Review: Why Study the Middle Ages?

Updated: Aug 10, 2023


Happy to share my recent review of Kisha G. Tracy's Why Study the Middle Ages? for Perspicuitas:


Kisha G. Tracy: Why Study the Middle Ages? Leeds: ARC Humanities Press, 2022. 118pp. $17,95. ISBN 9781641891974.


"Medievalists have been asking themselves periodically why their work might be impactful and relevant, and Kisha Tracy has selected this sempiternal question as the topic of her concise volume for the PastImperfect series, a series that aims to take on key issues in medieval studies “in provocative and accessible language.” While her book is not geared towards a general audience, it is certainly accessible to a broad range of students and colleagues with a serious interest in reading about the value of medieval studies for higher education.
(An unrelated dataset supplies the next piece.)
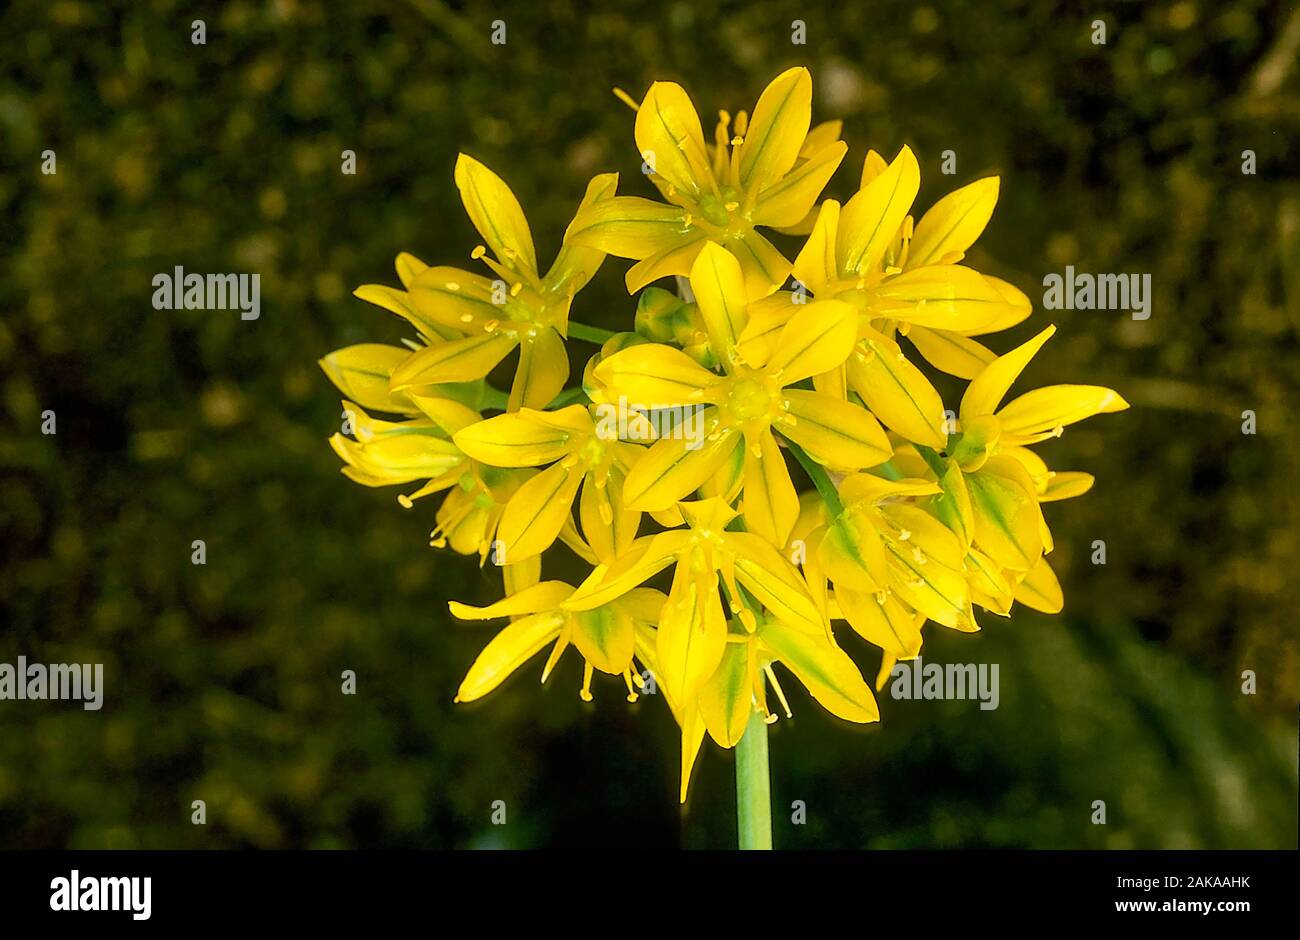 Blumenkopf von Allium Moly, Golden Knoblauch oder Yellow Onion. Eine sommerliche blühende Bulbose, die sich ideal für Waldgebiete eignet. Stockfoto
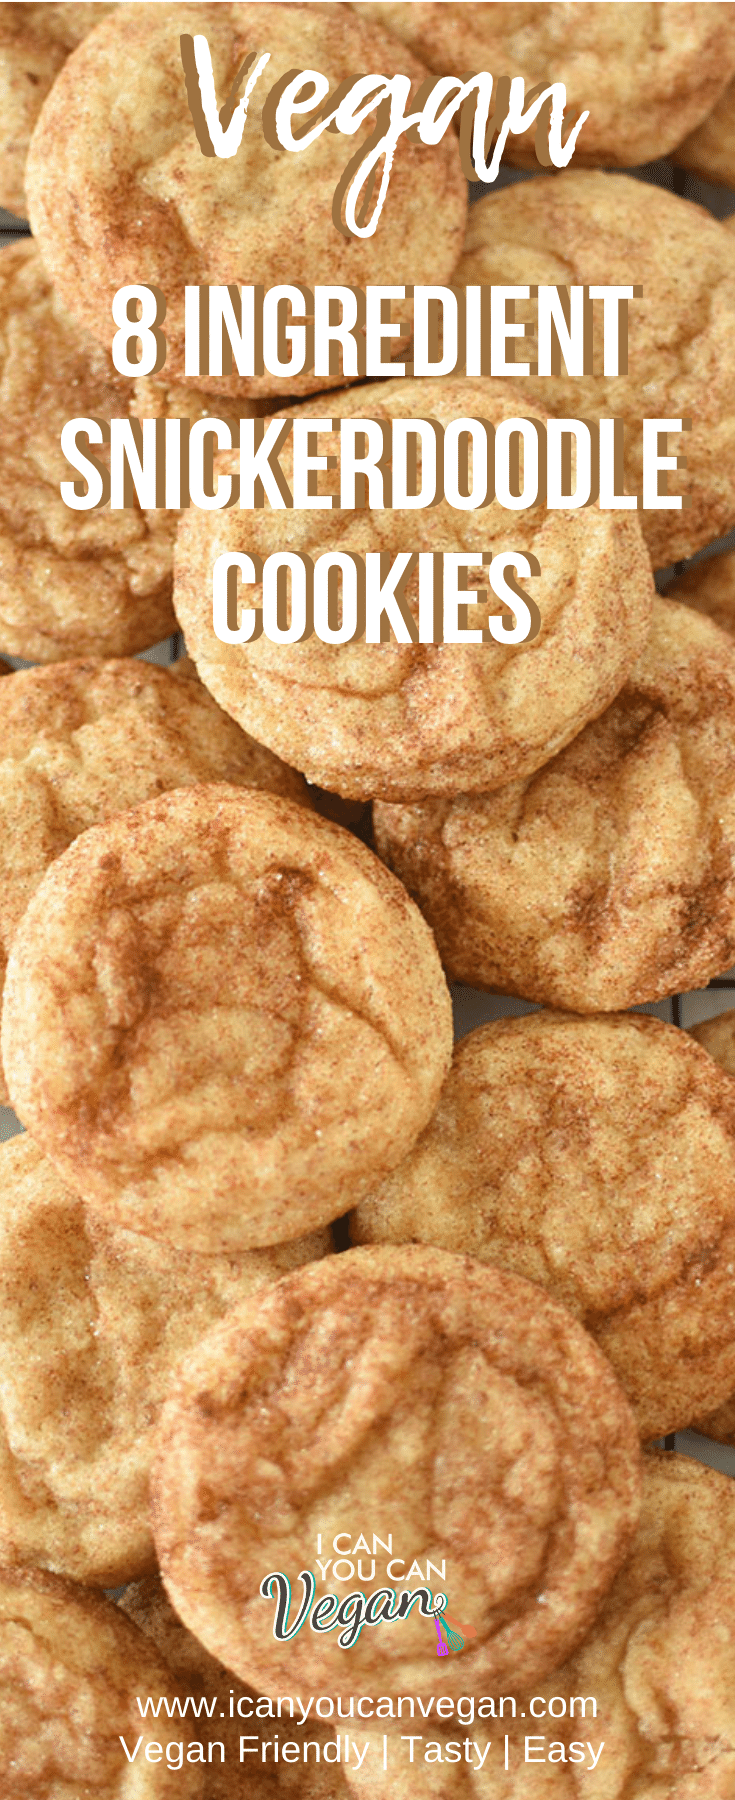 Vegan Snickerdoodle Cookies Pinterest

And the book might be called provocative in its focus on two relatively recent interdisciplinary threads in the field, disability studies (“such as disability representation in literary texts, accommodations, and museum representations”) and diversity studies (“such as (mis)appropriations of the Middle Ages by white supremacists, scientific and DNA studies, and what a Global Middle Ages looks like”). The cover image, a close-up of the statue of St. Maurice from Magdeburg Cathedral, Germany, is programmatic: The black knight and saint, represented in Magdeburg to buttress the authority of Frederick II of Hohenstaufen by proclaiming his empire’s cosmopolitanism together with Christian universalism, has over the last two decades become a figurehead for ushering in a more inclusive view of the Middle Ages."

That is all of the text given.